Various existing methods are available for the task of calling peaks. The first method for calling peaks in CAGE-seq data groups reads into clusters if they overlap by at least one base [14]. This is likely to join positions that are thousands of bases away for highly expressed transcripts. It also lacks any measure of statistical significance. A more recent approach using the Maximal Scoring Subsequences algorithm [2], implemented in the software package Paraclu, relies on exhaustively using all possible values of a penalty parameter that is used to define the breakpoints of peaks. The sheer number of results it returns, many of which overlap multiple genes, means it requires manual post-processing to arrive at a sensible number of peaks, which have biologically meaningful widths. A third approach is based on looking for adjoining positions with CAGE reads that have constant relative expression across multiple samples [15]. However, the recapping signal near TSS peaks also has constant relative expression at nearby positions, and this algorithm often generates peaks that are too wide to be biologically meaningful [P. Balwierz, pers. comm.].

The results of the peak calling algorithms above depend on read density, and do not classify peaks as originating from TSS or otherwise. The only algorithm specifically designed to classify CAGE peaks is based on modelling k-mer frequencies surrounding the peaks using an unsupervised hidden Markov model [13], herein called the ENCODE HMM method. The k-mers used in training are weighted proportionally to the number of reads in a peak. In other words, the algorithm biases towards learning the features of CAGE peaks with high read counts, and against peaks for lowly expressed genes. Strangely, no validation of results from the classifier is performed in the original article, and the results were used as if they were all correct. The authors also did not consider integrating external data in their model, which could potentially improve the algorithm performance. The simplest approach that avoids peak classification (and peak finding) altogether is to make small counting windows around annotated TSS [16], before performing an analysis of the amount of signal. The drawback is that novel transcription starts, and even novel genes, are ignored.

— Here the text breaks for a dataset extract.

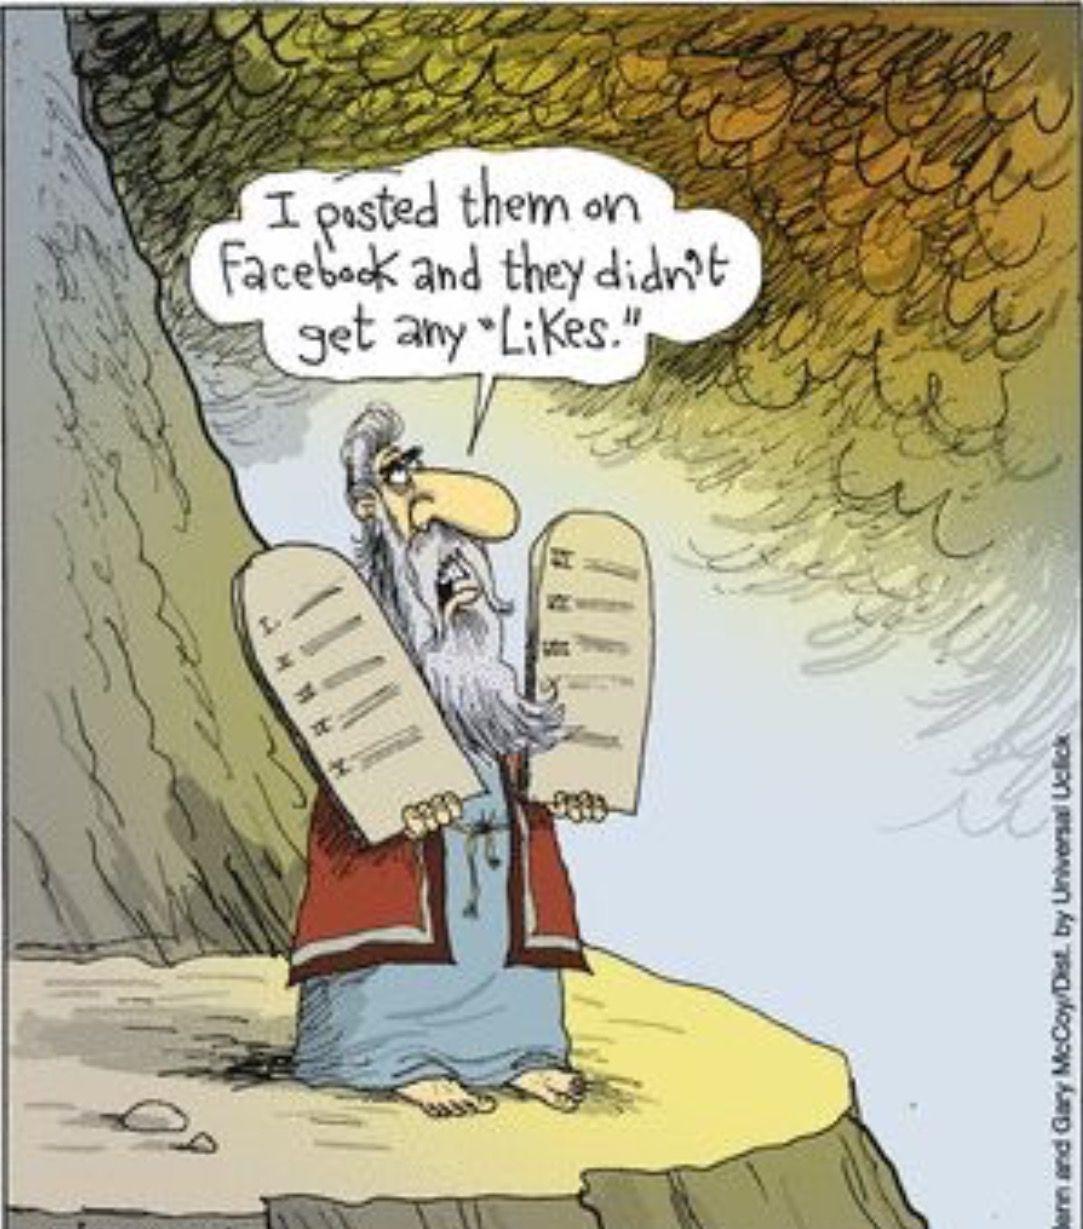 Pin on Christian Comics, Illustrations & Funnies
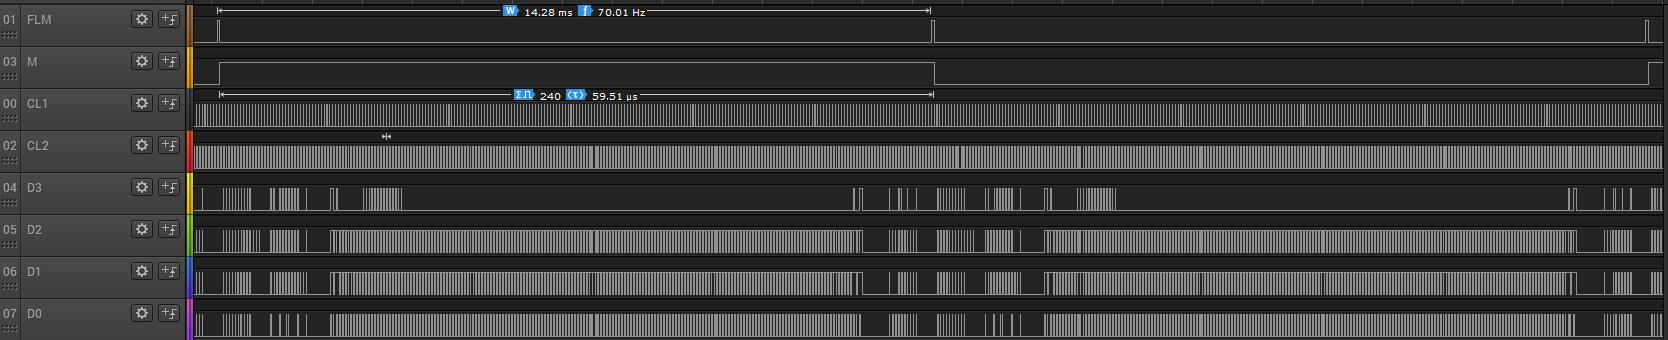 Управление ЖК-матрицей F-51543NFU-LW-ADN - PWB51543C-2-V0 (от ленточной библиотеки) - 8

Datasets and preprocessing

Peak finding was performed on publically available CAGE-seq data. Features used for feature selection and classifier development were also obtained online. Classification results of two existing methods were obtained online.

ENCODE project repository

CAGE data was obtained for six cell lines (GM12878, H1-hESC, K562, HeLa-S3, HepG2, and HUVEC - the CAGE cell lines) by downloading the mapped BAM files from the ENCODE data repository [17] on the UCSC Genome Browser website. Preprocessing details are found elsewhere [13]. The unique Submission IDs are 3946, 2380, 2359, 2363, 2381, and 2376.

Unmapped, total RNA-seq data for two of the six CAGE cell lines (GM12878 and K562) was downloaded. Total RNA-seq data is not available for the other four cell lines. The unique Submission IDs are 1502 and 1503. Quality control of the downloaded files indicated that they are likely not from a single end sequencing experiment (Additional file 1). The dip in quality before the middle of the horizontal axis and the fact that it was technically impossible to generate 152 base reads in 2009, suggests two paired end read files were merged into a single text file. Data cleaning involved splitting the reads down the middle, recreating the read IDs with correct pairing information, and writing two separate files of reads. Raw reads were mapped to the human genome assembly hg19 with STAR version 2.3.1c [18]. Non-default options set were --outFilterMultimapNmax 1 --outFilterMismatchNmax 3 --clip3pNbases 40 --alignIntronMax 100000. Only uniquely mapping reads and no more than 3 mismatches to the reference sequence were allowed. 40 bases from the ends of each pair of reads were ignored. No splice junctions spanning more than 100000 bases were allowed.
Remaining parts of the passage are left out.